God Help the Child: A novel by Toni Morrison


  Public demands and cries for vengeance disguised as justice were rampant and harrowing. Signs, rallies in front of the courthouse, editorials—all seemed unassuageable by anything less than the culprit’s beheading. Booker joined the chorus but was not impressed by so facile a solution. What he wanted was not the man’s death; he wanted his life, and spent time inventing scenarios involving pain and despair without end. Wasn’t there a tribe in Africa that lashed the dead body to the back of the one who had murdered it? That would certainly be justice—to carry the rotting corpse around as a physical burden as well as public shame and damnation.

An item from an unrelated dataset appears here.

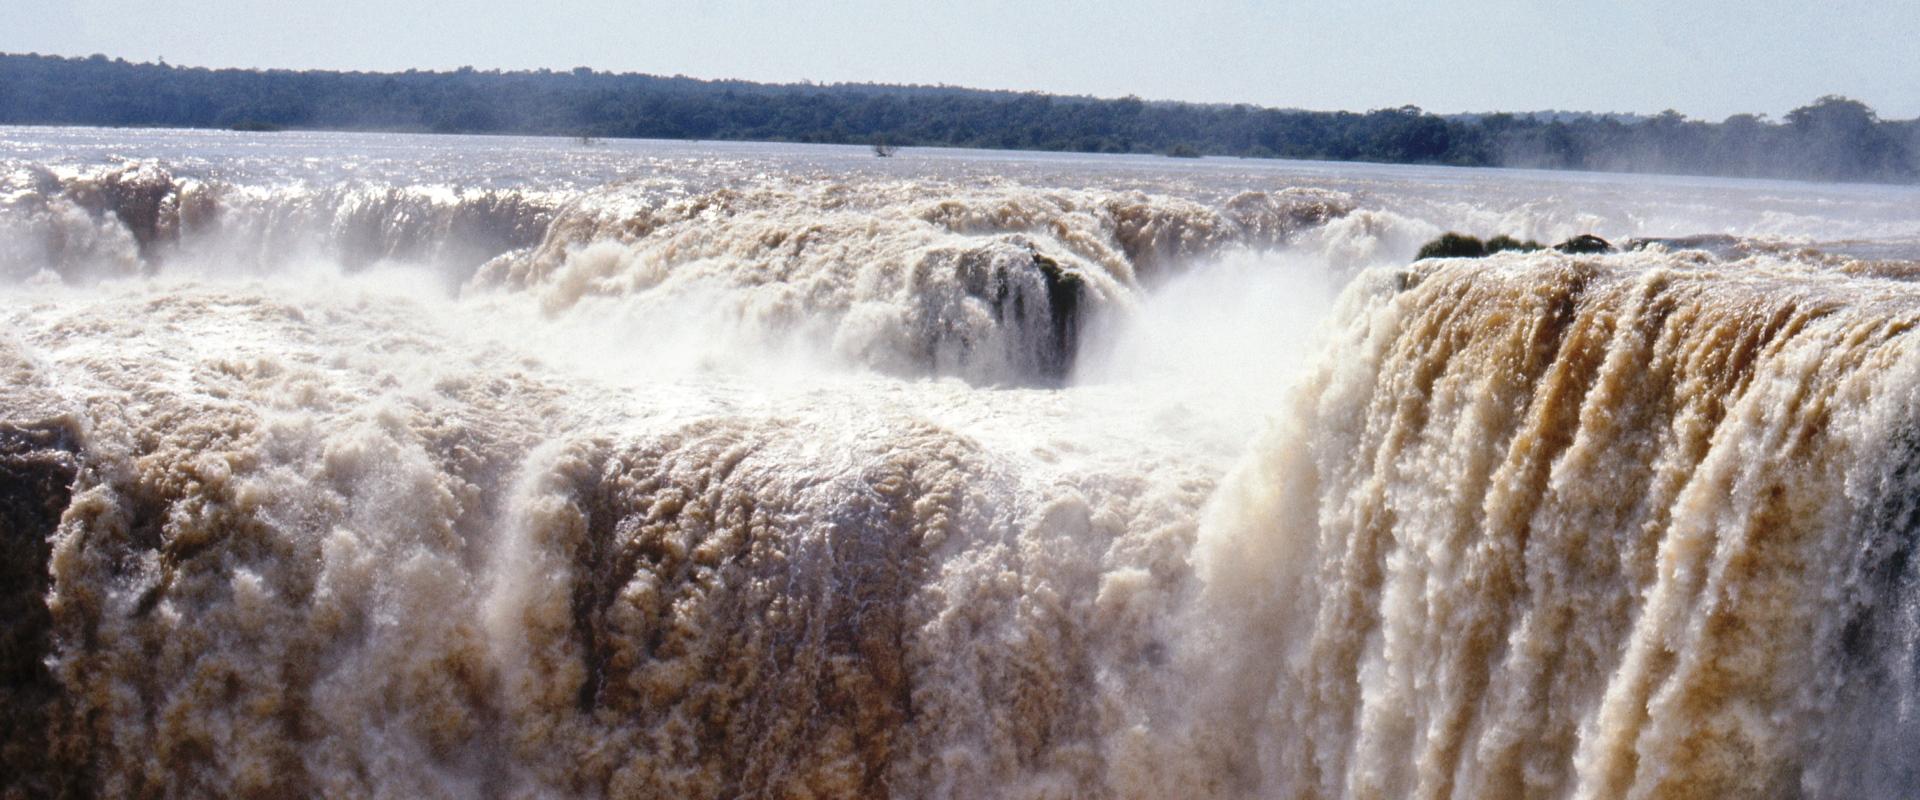 Der Wasserfall – ein landschaftliches Faszinosum
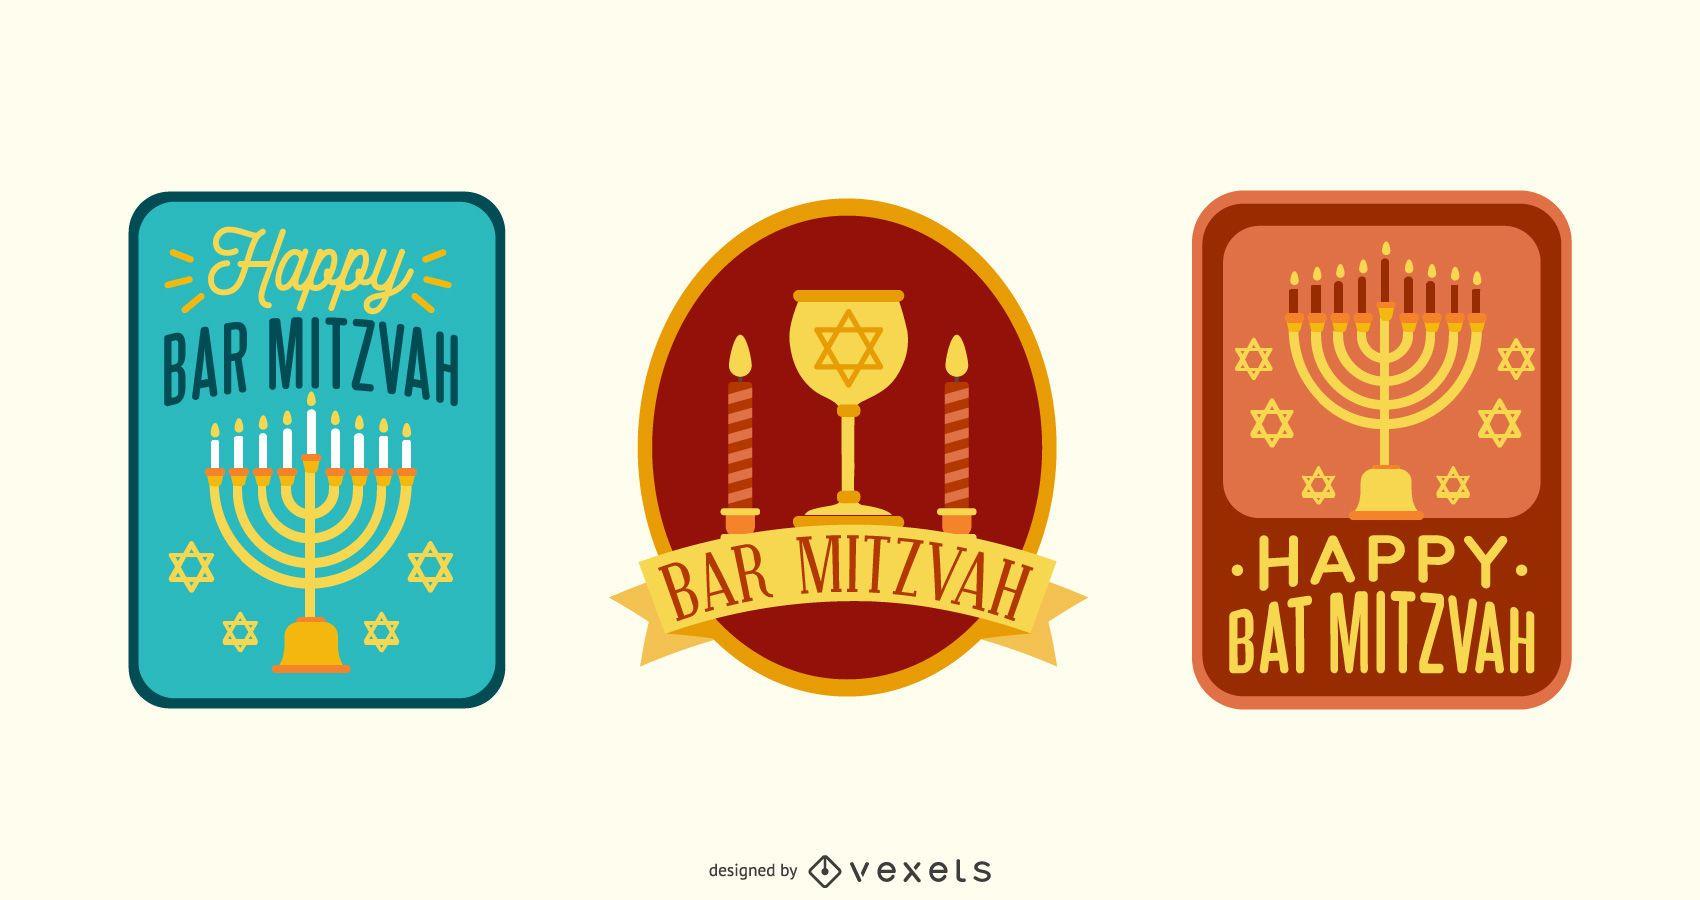 BAR MITZVAH Lettering Design Set

The rage, the public clamor upon the conviction of the nicest man in the world, shook him almost as much as Adam’s death. The trial itself was not long but the preliminaries seemed eternal to Booker. Throughout the days of newspaper headlines, talk radio and neighborhood gossip he struggled to find some way to freeze and individualize his feelings, to separate them from the sorrow and frenzied anger of other families. Adam’s calamity, he thought, was not public fare to be confined to one line in a newspaper’s list of the six victims. It was private, belonging only to the two brothers. Two years later, a satisfactory and calming solution came to him. Reenacting the gesture he’d made at Adam’s funeral, he had a small rose tattooed on his left shoulder. Was this the same chair the predator sat in, the same needle used on his paste-white skin? He didn’t ask. The tattoo artist didn’t have the dazzling yellow of Booker’s memory, so they settled for an orangish kind of red.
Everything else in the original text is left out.